Former VP of Bolivia: Infighting Makes Us Fail to See Bigger Enemies

Orinonco Tribune, June 29, 2024 — 

The former vice-president of Bolivia (2006-2019), Álvaro García Linera, repudiated the coup attempt against Luis Arce’s government, adding that the powers that be are always on the lookout and “stick their heads out” when progressive projects are weak. In an interview with journalist Víctor Hugo Morales on the Argentinian radio channel AM750 on Thursday, June 27, García Linera called upon Latin American progressive forces to reflect on the role of the “de facto powers” that try to undermine the governments in the region.

“All over the world, in all democracies, there are de facto powers outside the vote, such as the big business oligarchies, the armed forces, and, in the case of the American continent, the US Embassy,” said García Linera just hours after the attempted coup d’état in Bolivia, where the now-detained General Juan José Zúñiga tried to enter the Palacio del Quemado (seat of the presidency of Bolivia) with tanks. The coup attempt was condemned by the Bolivian government and the presidents of all the countries in the region apart from Argentinian President Javier Milei.

“Yesterday it was the turn of a faction, a very conservative part of the Armed Forces, to act,” García Linera said about the attempted military coup, which occurred because “they saw weakness in the government.” He ruled out the version of a possible “self-coup” suggested by a sector of the Movement Towards Socialism (MAS), the party of Arce and Evo Morales. On Thursday, Bolivian Congressman Anyelo Céspedes Miranda told Am750 that “everything has been planned” by Arce.
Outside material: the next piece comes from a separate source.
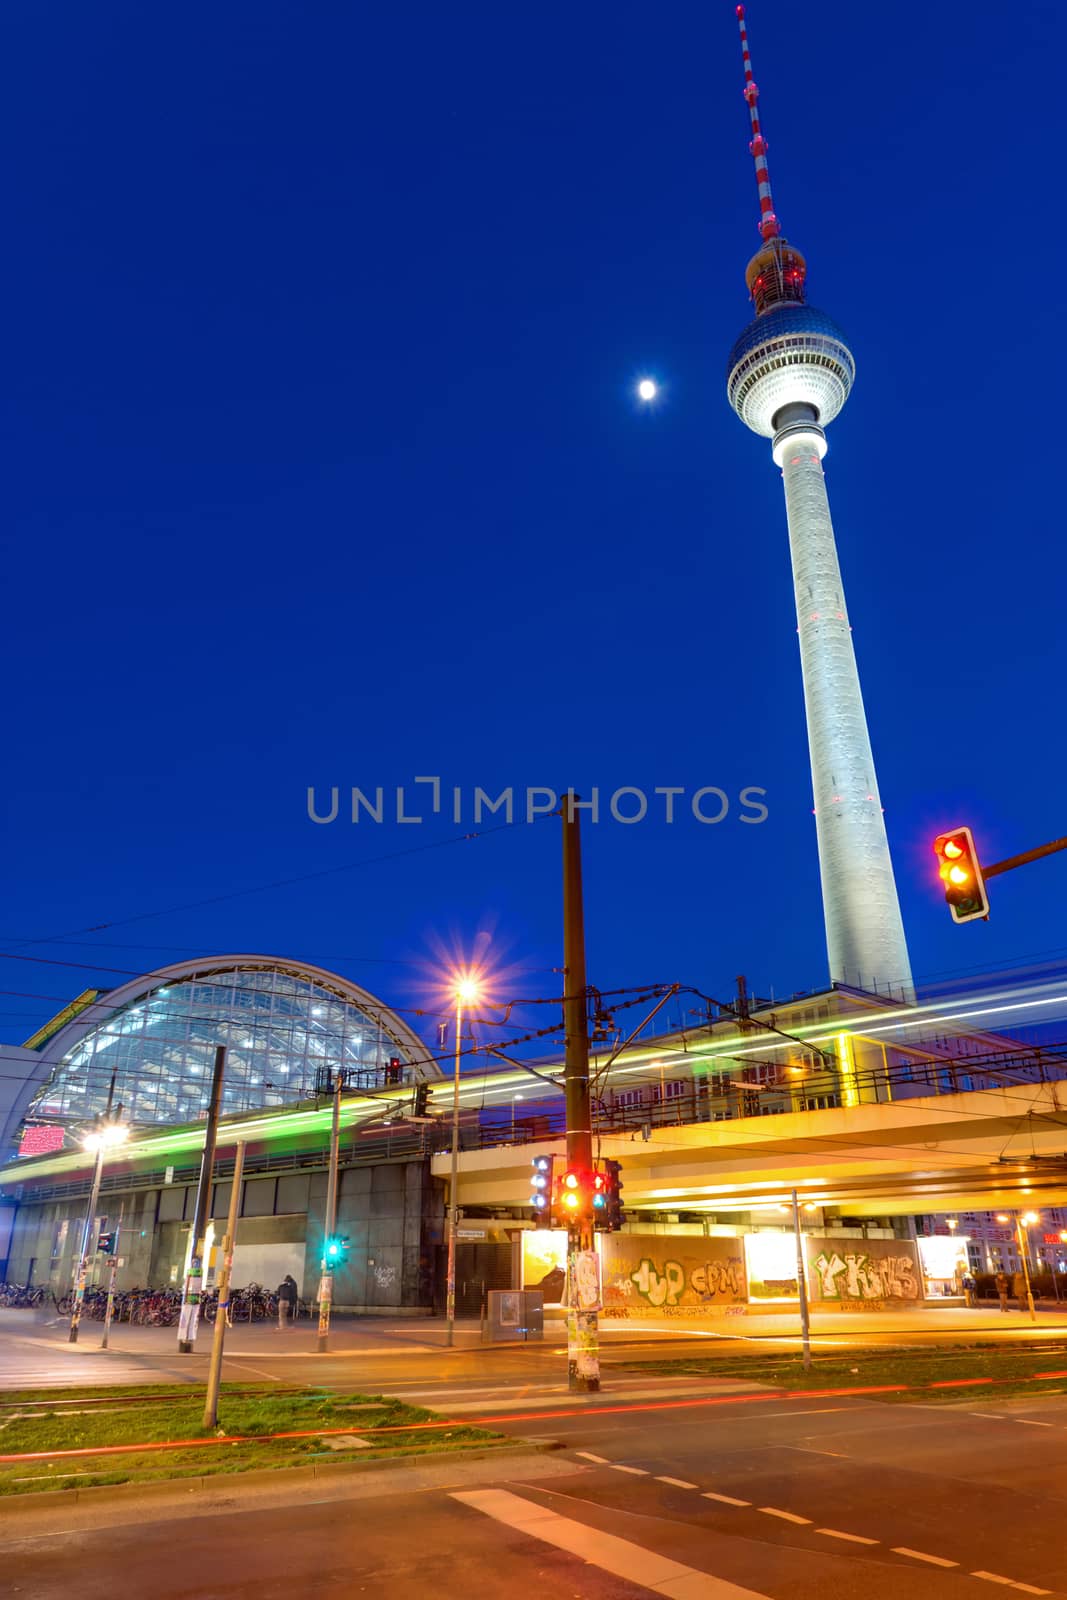 The Alexanderplatz in Berlin at night with the television tower and the train station

García Linera, far from subscribing to the idea of a self-coup d’état, emphasized that coups are “always latent dangers that never disappear, but become more immediate when progressive governments have difficulties, when they are weak. They remain more silent when governments are strong.”

The former Bolivian VP opined that the declarations of General Zúñiga—who led the coup attempt and later, after he was arrested, claimed that it was all a plan orchestrated by Arce—”must be taken as a falsehood because he is already an arrested man who has nothing to lose.”

“These are the internal fractures that show our weakness. Internal fights make us forget greater enemies,” added García Linera, referring to the tumultuous infighting within MAS between the factions close to Luis Arce and those supportive of Evo Morales.

“There are always contradictions within progressive forces,” he added. “But when these contradictions become fundamental, we fail to see the real adversary lurking. In Bolivia, the adversary has been acting since the beginning of the year, with the assets leaving the banks. There are businesspeople who do not deposit their export dollars [to the Bolivian banking system] and prefer to leave them in their US accounts. And now, we had this coup attempt.”